If foot arches help absorb the impact from running, how are people able to run with flat feet?

I have collapsed arches and it’s the first thing that doctors and podiatrists point out when I come with an injury. I may have to go with custom orthotics but I’m experimenting now with OTC orthotics and stability/motion control shoes. The question I have is - how are flat footed people able to run pain free if the arch of a foot helps absorb some of the impact of running? I can tell right now that I have nothing to absorb the impact when my foot hits the ground. I can feel it all the way up to my knees. One of the sports docs I’ve seen was amazed that I can even run the mileage that I run on them. From what I’ve read about foot arches, they provide two primary roles. They help absorb the initial impact when the foot hits the ground and they assist in transferring force during toe off. It seems that orthotics don’t really do anything as far the role of arches but limit movement to prevent overpronation.

Can anyone provide some insight into this??

Same story here. On advice of my pt, I picked up some Powerstep inserts. I take out the insoles that come with my running shoes and replace them with the Powersteps.

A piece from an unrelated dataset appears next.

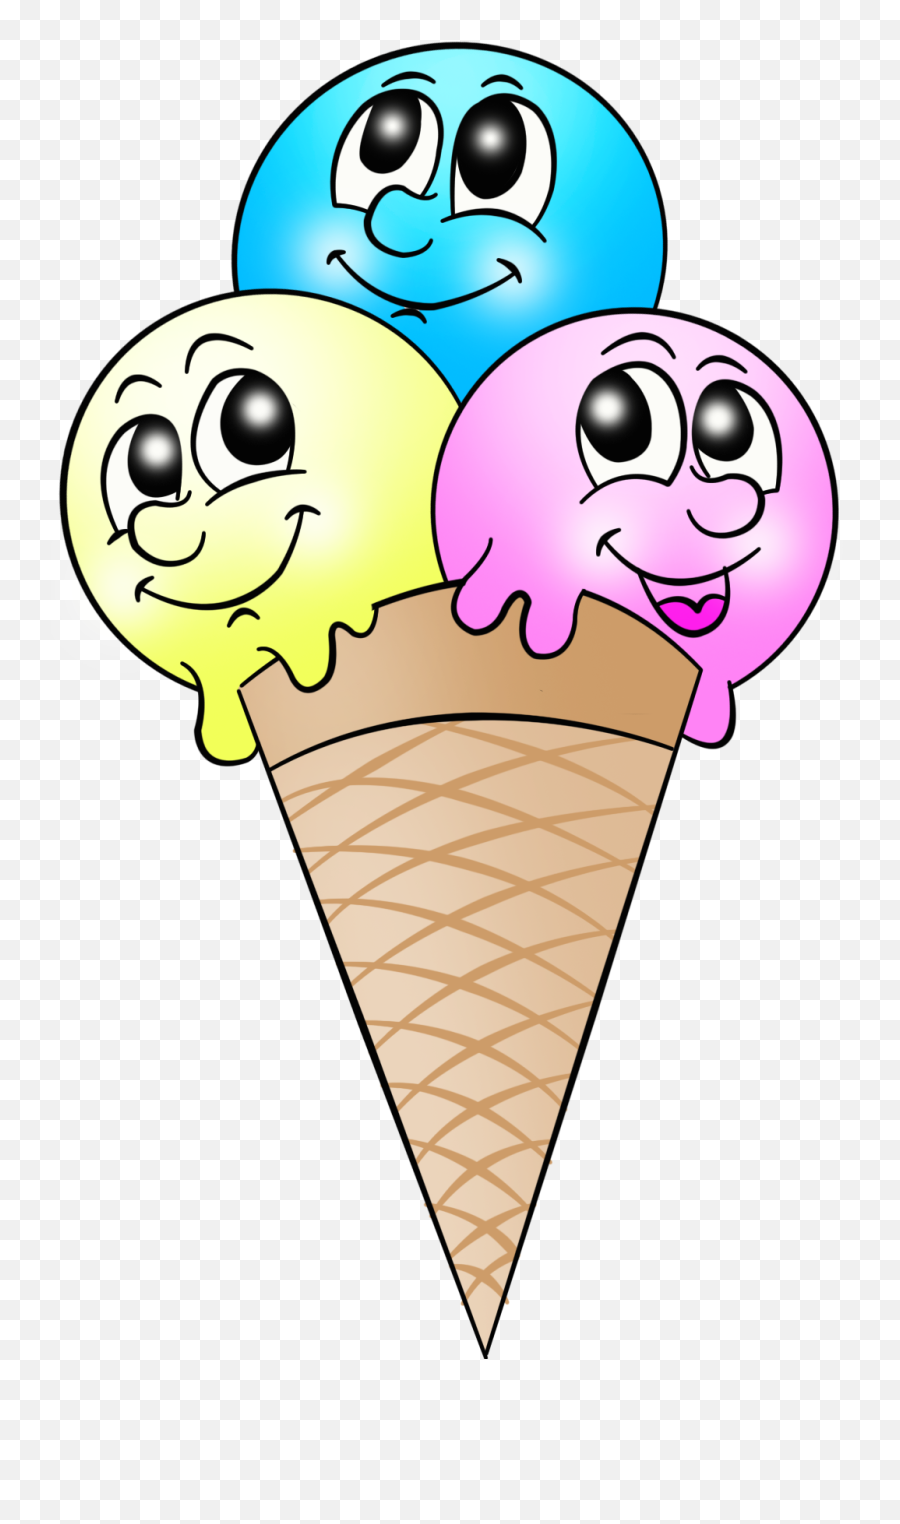 Icecream Clipart Face Icecream Face Transparent Free For - Ice Cream Happy Face Clipart Emoji,Emoji Ice Cream

I built up tolerance over a few days, wearing them for 2 hours just walking around, then 4, then all day. Started running with them 20 minutes, then 40… Now I use them in all my shoes (work, bike, hang out, running) and it feels strange when I don’t have them.

I am using sturdy shoes for the bulk of my training (Brooks Adrenaline) and I race in something lighter BUT with arch support AND the Powersteps (Saucony Mirage).

Good luck

Also, strengthening quads, hammies and glutes will help. The flat foot can result in some instability when you get tired. The knee can track both inside and outside the proper path. Strengthening the run muscles can help.

Just because your static arch height is classified as “flat” does not mean that you have excessive motion at the ankle.

Dynamically, you may have an inflexible foot with a low arch that actually responds like someone who would be classified as having a “high” arch.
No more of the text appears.